The people who are upset with the presentation are upset because Evil Microsoft didn’t devote 10 minutes to featuring their pet issue. Indie developers are upset because they didn’t address indie gaming. People who want to buy used games the same as ever are upset. People who want to know just how often the console must be online are upset. And so are the people that want to know how much they’ll have to pay. People who want to know about games that aren’t Call of Duty or EA Sports, us basically, were totally left out in the cold.

To all that I say, remember that Microsoft wasn’t courting you last month. They’ll get around to you eventually, probably beginning with E3 next week, because they know you’ll still be paying attention, both next week, through the summer, and later this year when this giant black box comes out. If you’re sitting at home right now saying, “I’m not buying this,” Microsoft knows they have plenty of time to show you something to change your mind, because you’re a gamer and you’ll be watching. Gamers are always watching for the next cool title that they have to play.

The Grand Unwrapping was Microsoft’s play for the people who don’t care what happens at E3 or in the fall. They were playing for the widest possible audience, an audience they want and probably desperately need to include non-gamers. They wanted their tiny slice of the national new cycle and you don’t get that by talking for fifteen and change about what you’re doing to support indie games. Answering any of the aforementioned questions isn’t on Microsoft’s radar right now because those answers are either A) only important to a vocal niche or B) aren’t going to make you happy (see: games, used).

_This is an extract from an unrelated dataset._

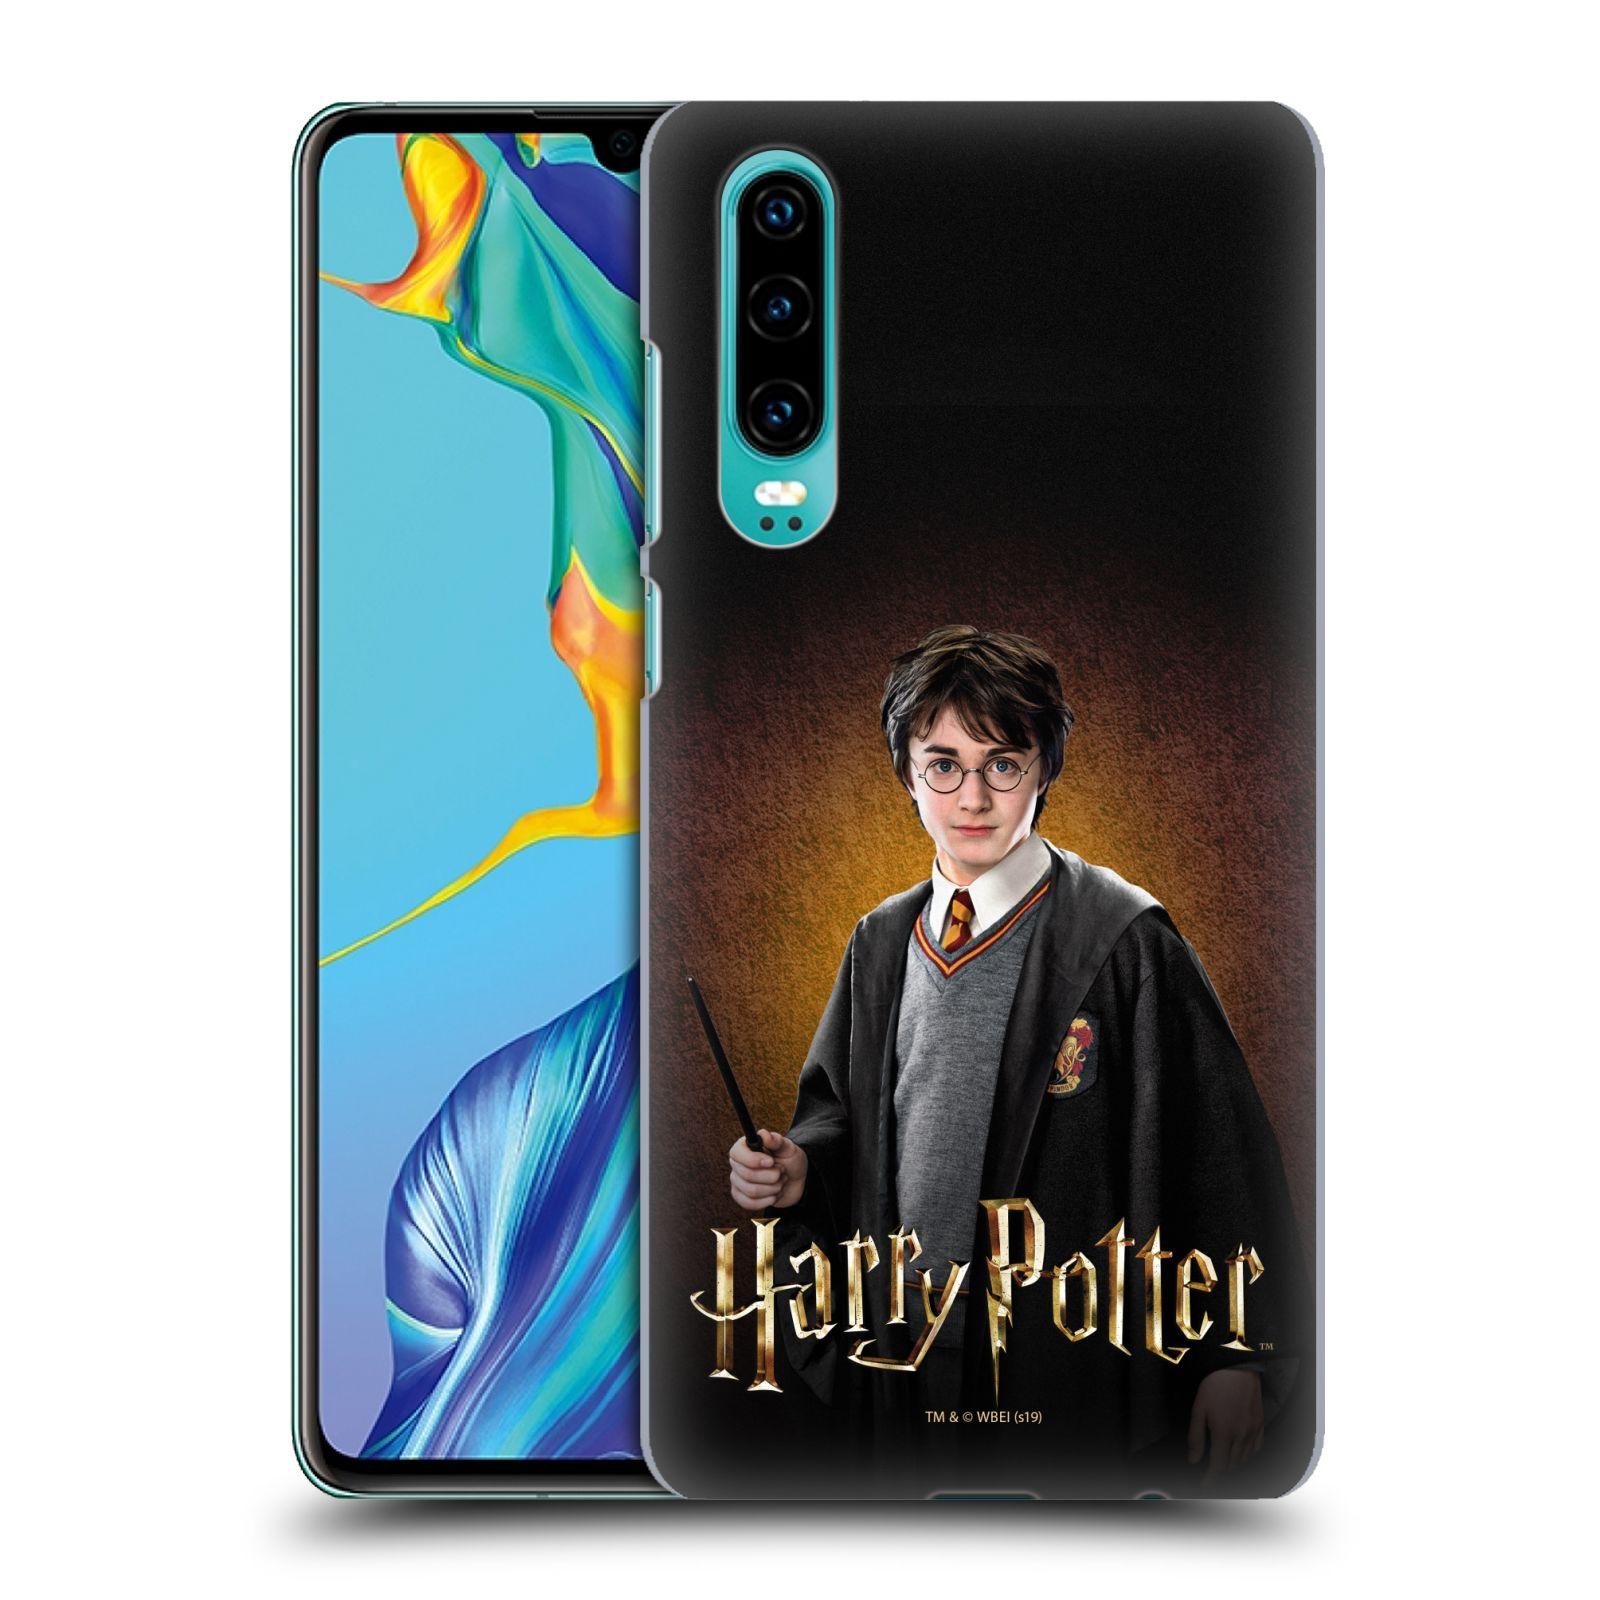 Plastové pouzdro na mobil Huawei P30 - Harry Potter - Malý Harry Potter

What Microsoft wanted out of the event was for there to be B-roll on CNN, nightly news, etc., of a few pretty games and a dude controlling his TV with voice and gestures. They wanted to show utility and to that end I thought they actually did a pretty bang up job. I’m not defending Microsoft’s tactic here as a gamer, I’m just saying I know when an event isn’t about me and this? This wasn’t about me, so I took what info they offered and got on with my day. There’s really no point in being outraged about the lack of game focus because we still don’t know anything, even weeks later, about the kinds of games coming to the console. But we will. (I’ll write, maybe next week, why I just don’t give a fig about the timed expiration of the used game market).

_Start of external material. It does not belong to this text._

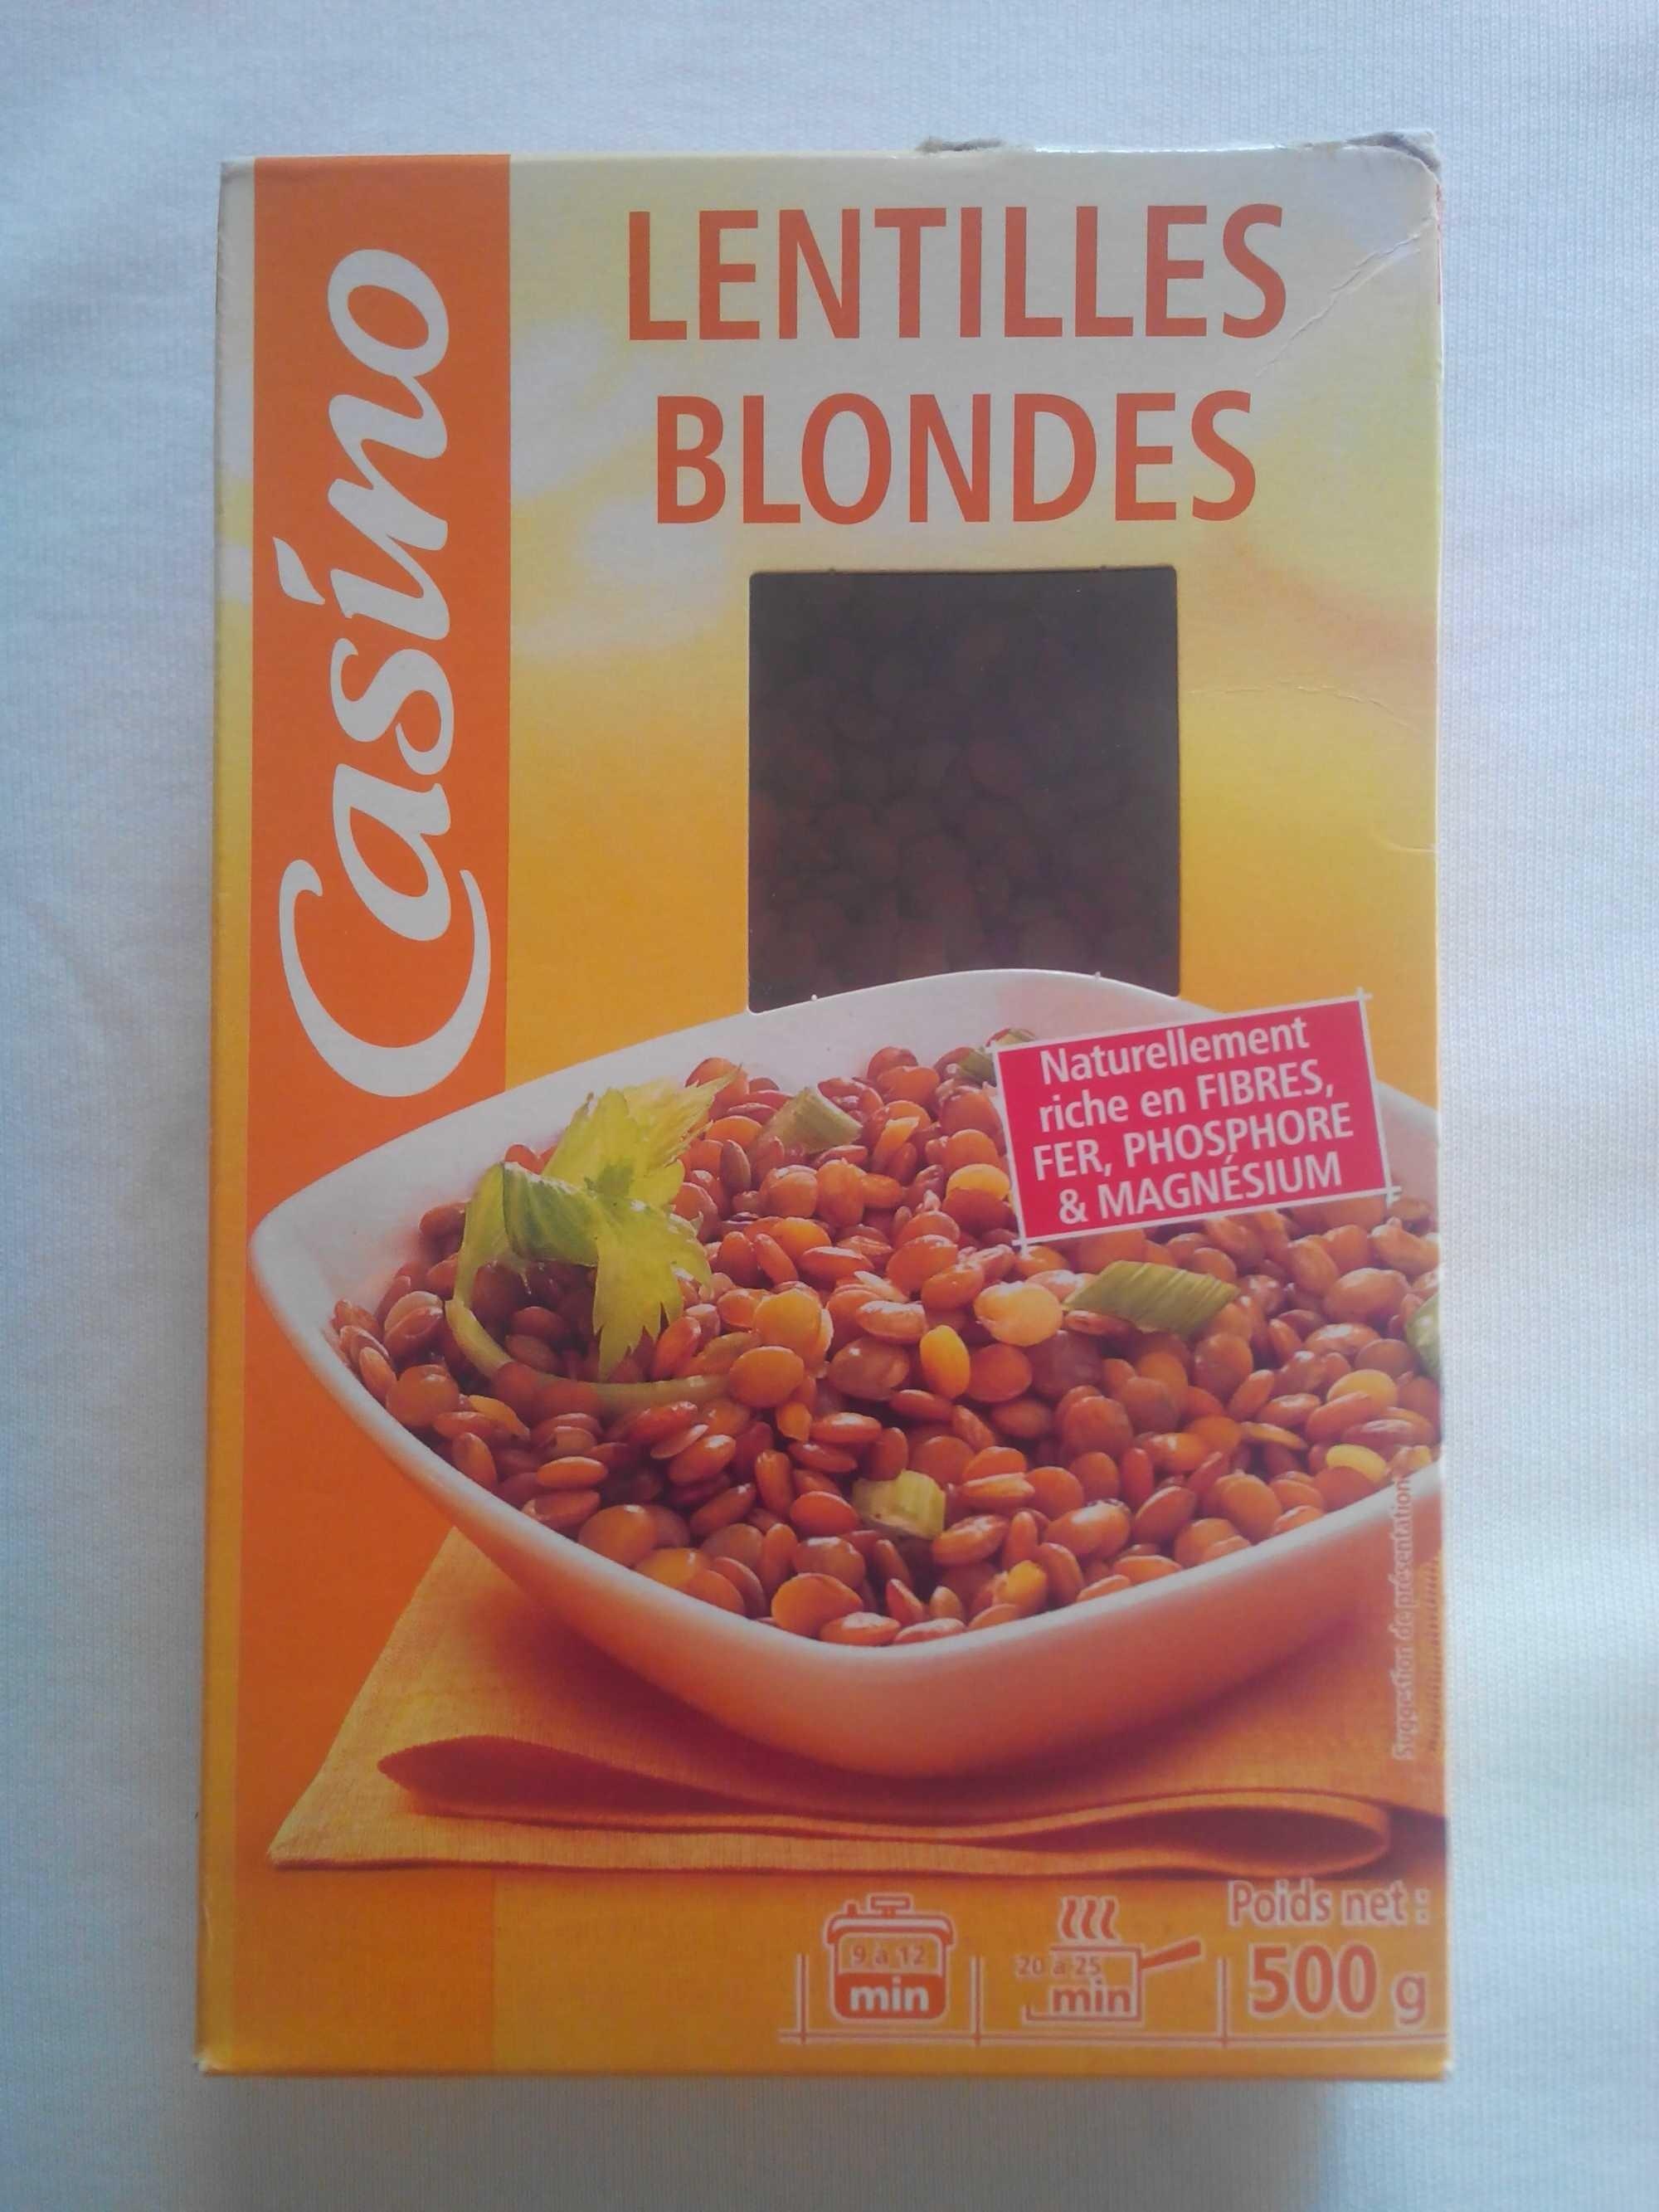 Lentilles blondes - Product - fr

Publishers aren’t going to just sit on the sidelines. They’re making games and they’re going to want you to know about them. Wait for E3. Wait for the end of the summer. And most importantly, wait for six months or so after the console’s release. Then you’ll know if Microsoft has offered you enough carrots to justify whatever ungodly price they’re going to extoll (both in treasure and silly little things like privacy). I’m still convinced the slogan on this beast should be Privacy Not Included (I’m undecided how much I care about this), but I suspect I’m the only person who finds that bit of wordplay remotely amusing. But hey, what’s amusing to me has always been my guiding star so I’m cool with that.

In the meantime, if you want some more reasonable takes on what we do know, there have been a handful of articles the past few weeks that are worth a read:

Wired: Xbox One Revealed (This has better technical details than most of the detritus out there.)

 

PAR: Xbox One Will Kill Used Games and That’s Great

 

“It needs to be made clear, if all the studio closings and constant lay-offs haven’t made this explicit: The current economics of game development and sales are unsustainable. Games cost more to make, piracy is an issue, used-games are pushed over new, and players say the $60 cost is too high. Microsoft’s initiatives with the Xbox One may solve many of these issues, even if we grumble about it. These changes ultimately make the industry healthier.”

 

PAR: Why the Xbox One Backlash Doesn’t Matter

 

“The second thing we have to remember is that a hashtag and a few blog posts isn’t a backlash. No one at Microsoft or Sony cares about what you post on the forums of your favorite gaming website. I hate to be the bearer of bad news in this regard, but right now the reaction to the possible used game restrictions amounts to a fart in the wind.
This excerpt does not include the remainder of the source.